Tuesday, October 23, 2007

More Restaurant Etiquette- Requesting a Recipe

Hello Meg, I have a question for you regarding restaurant etiquette. Last weekend, my boyfriend and I stopped in for lunch at a lovely Italian restaurant on the Sunshine Coast in Australia. As we were finishing the waiter came around and asked us how we liked our meal. My boyfriend jokingly asked if we could have the recipe of my entree because we'd both loved it so much. The waiter said, sure, he'd ask the chef. When he came back a few moments later he said that the chef was touchy about sharing his recipes and said no. My question is, what is the normal etiquette in this scenario? Supposing we were quite serious about asking for the recipe (we weren't really) - should we have even asked? Were we being rude just for asking? And is it normal for chefs to be protective of their work like this? Thanks for your help :-) Sasha

Hi Sasha! I've given some thought to your question, and I think you acted completely appropriately in the situation. It's a compliment to the chef that you enjoyed your meal enough to want to re-create it yourself, so I don't think it's rude at all to ask such a question. If you'd gotten angry and demanded to have the recipe, you would've been out of line, but it sounds like you were very polite when the waiter said he had a policy about not sharing his recipes.
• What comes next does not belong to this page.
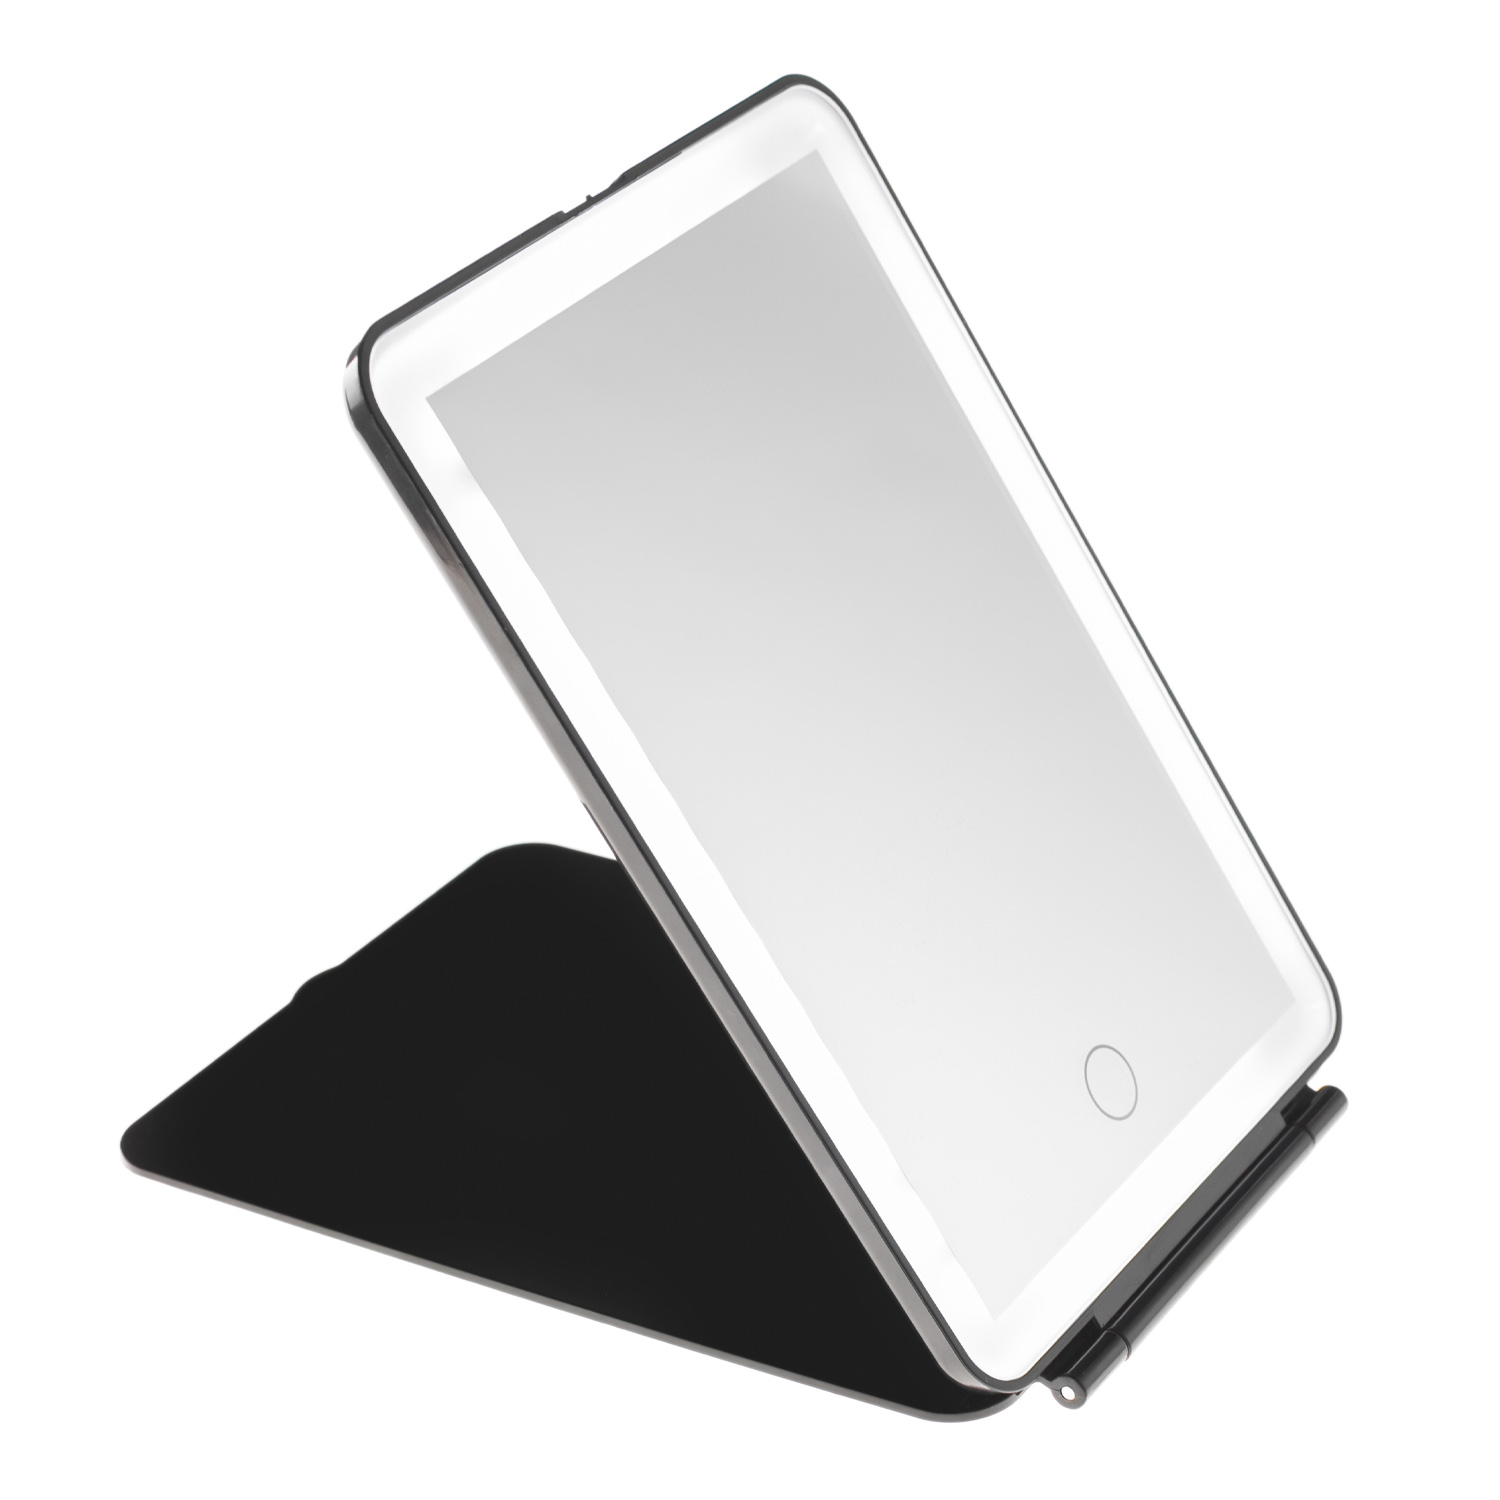 Зеркало косметическое CleverCare в форме планшета с LED подсветкой монохром цвет черный - фото 2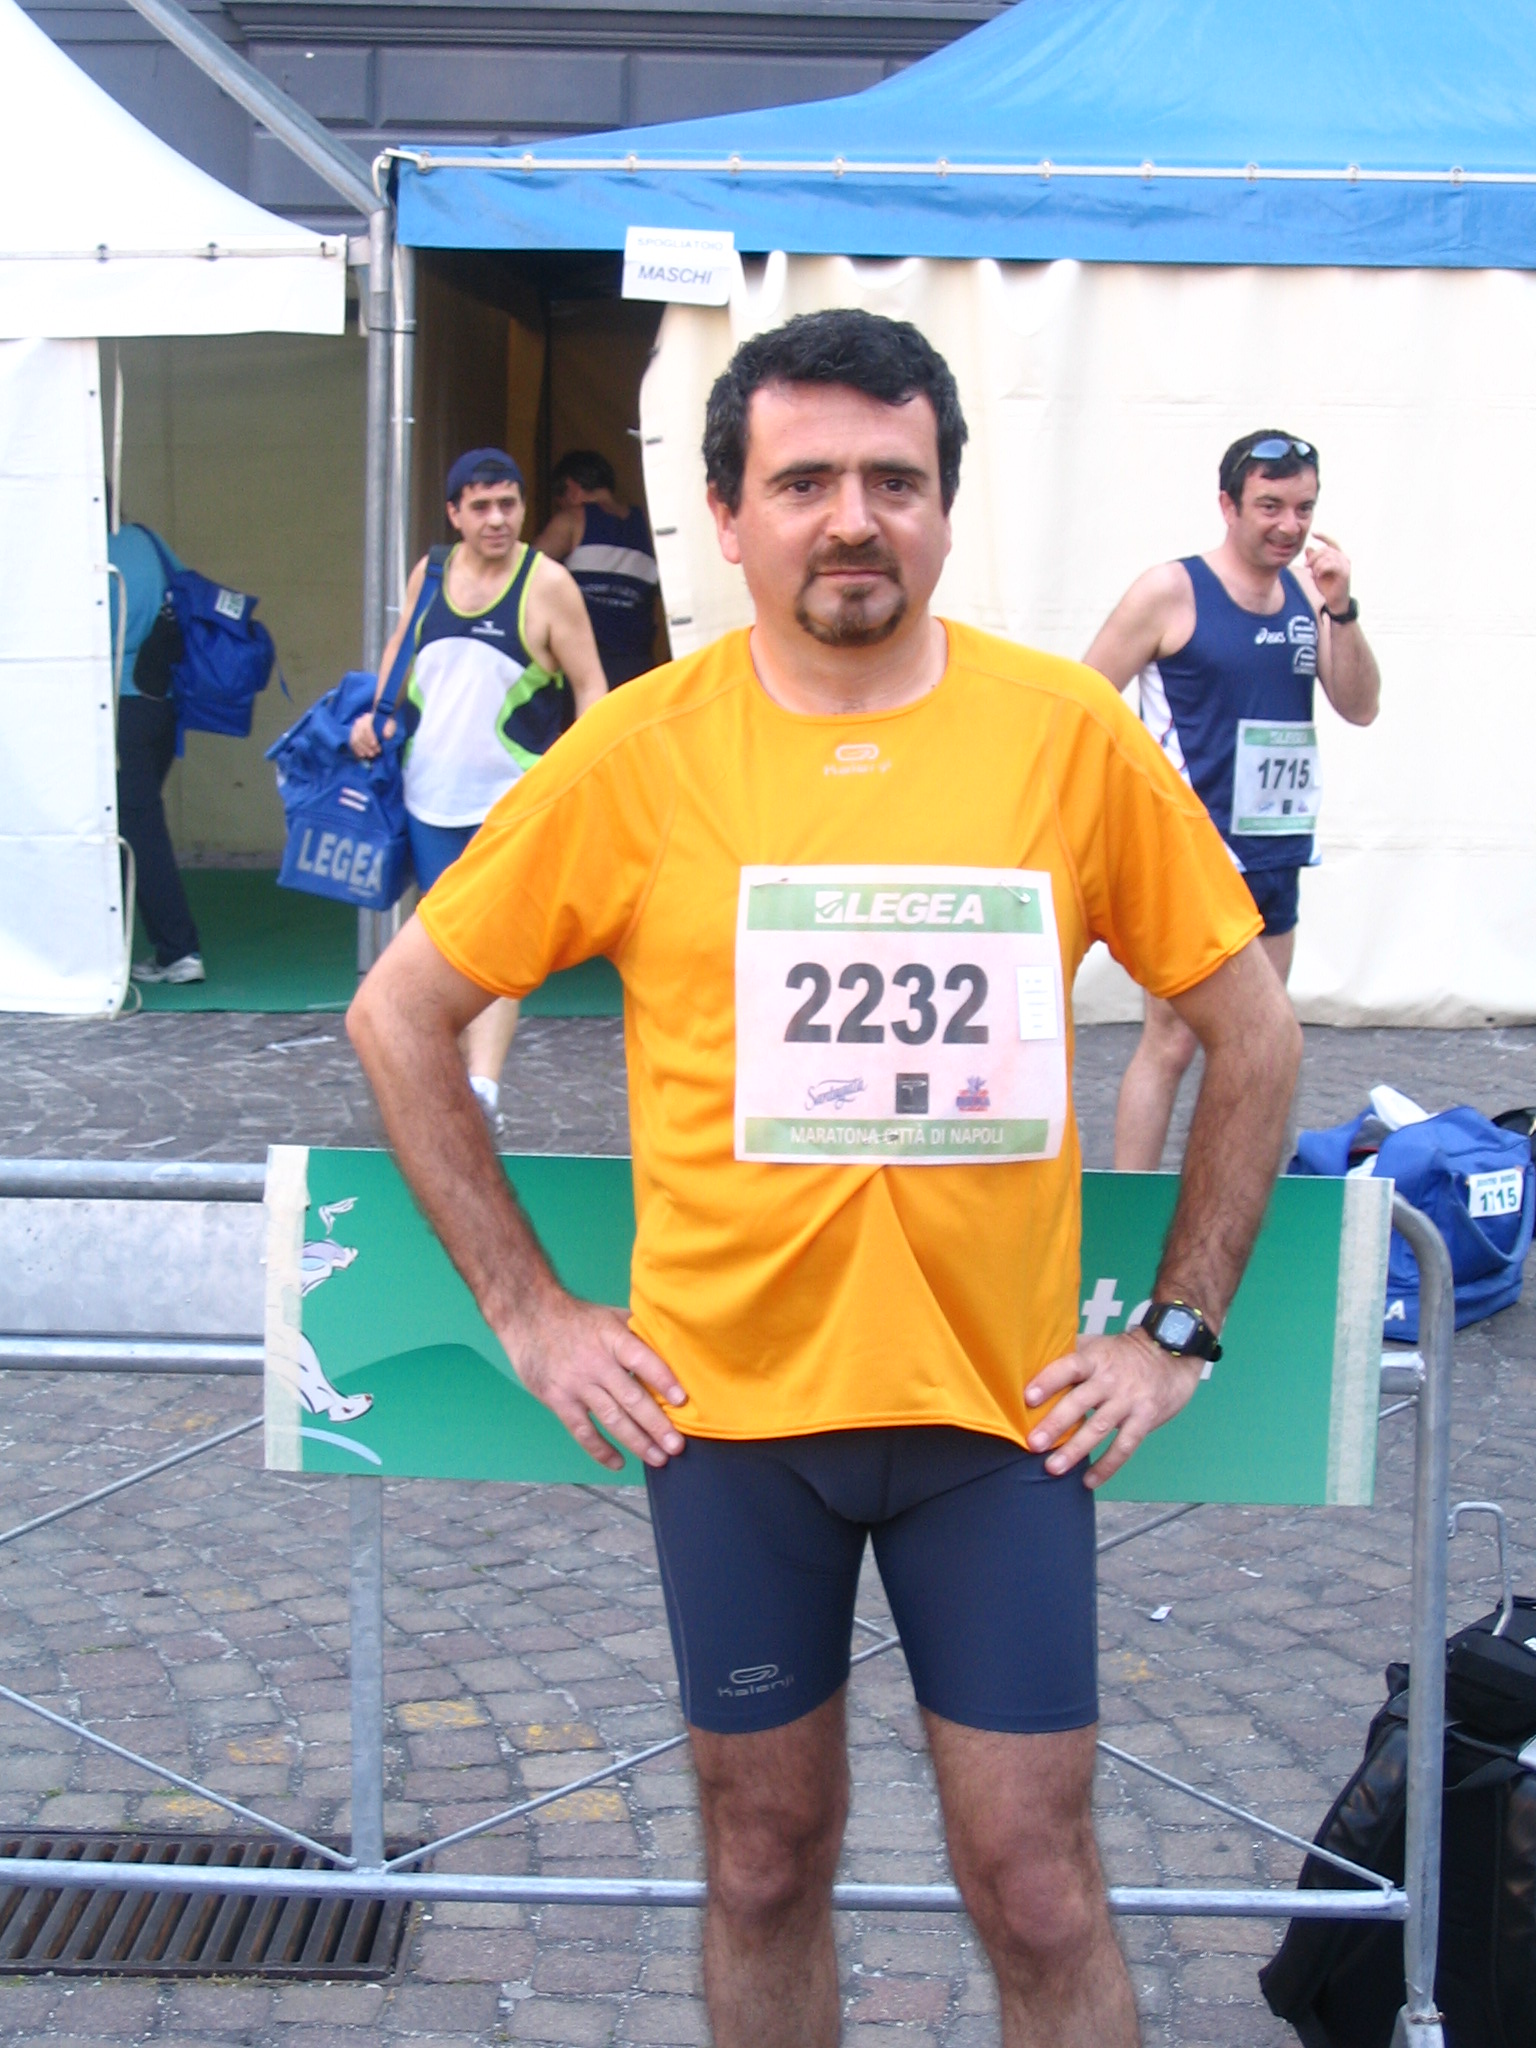 La mia prima gara la corsi il 22 aprile del 2007. Fu la Mezza Maratona di Napoli che si svolgeva in contemporanea alla IX edizione della Maratona di Napoli. Ricordo l'emozione che provai quando, giunto al villaggio maratona in Piazza del Plebiscito, appuntai sulla maglia il pettorale 2232 che avevo ritirato il giorno prima.

I read a lot of food blogs and bloggers often mention getting recipes because they asked for the recipe at restaurants (these aren't celebrity bloggers, just normal people). If you're at a well-known restaurant, there might be a cookbook available with the recipe which you can purchase. Other times, chefs have given recipes to local newspapers or magazines. It certainly never hurts to ask.

I think the main reason that a chef would say "no" to a request like yours is because the kitchen is so busy that he doesn't have time to write down elaborate instructions. Or, the dish might involve kitchen tools and appliances unavailable to home chefs. But I don't think it's rude or inappropriate to ask if he or she is willing to share, just as long as you're respectful of his decision not to.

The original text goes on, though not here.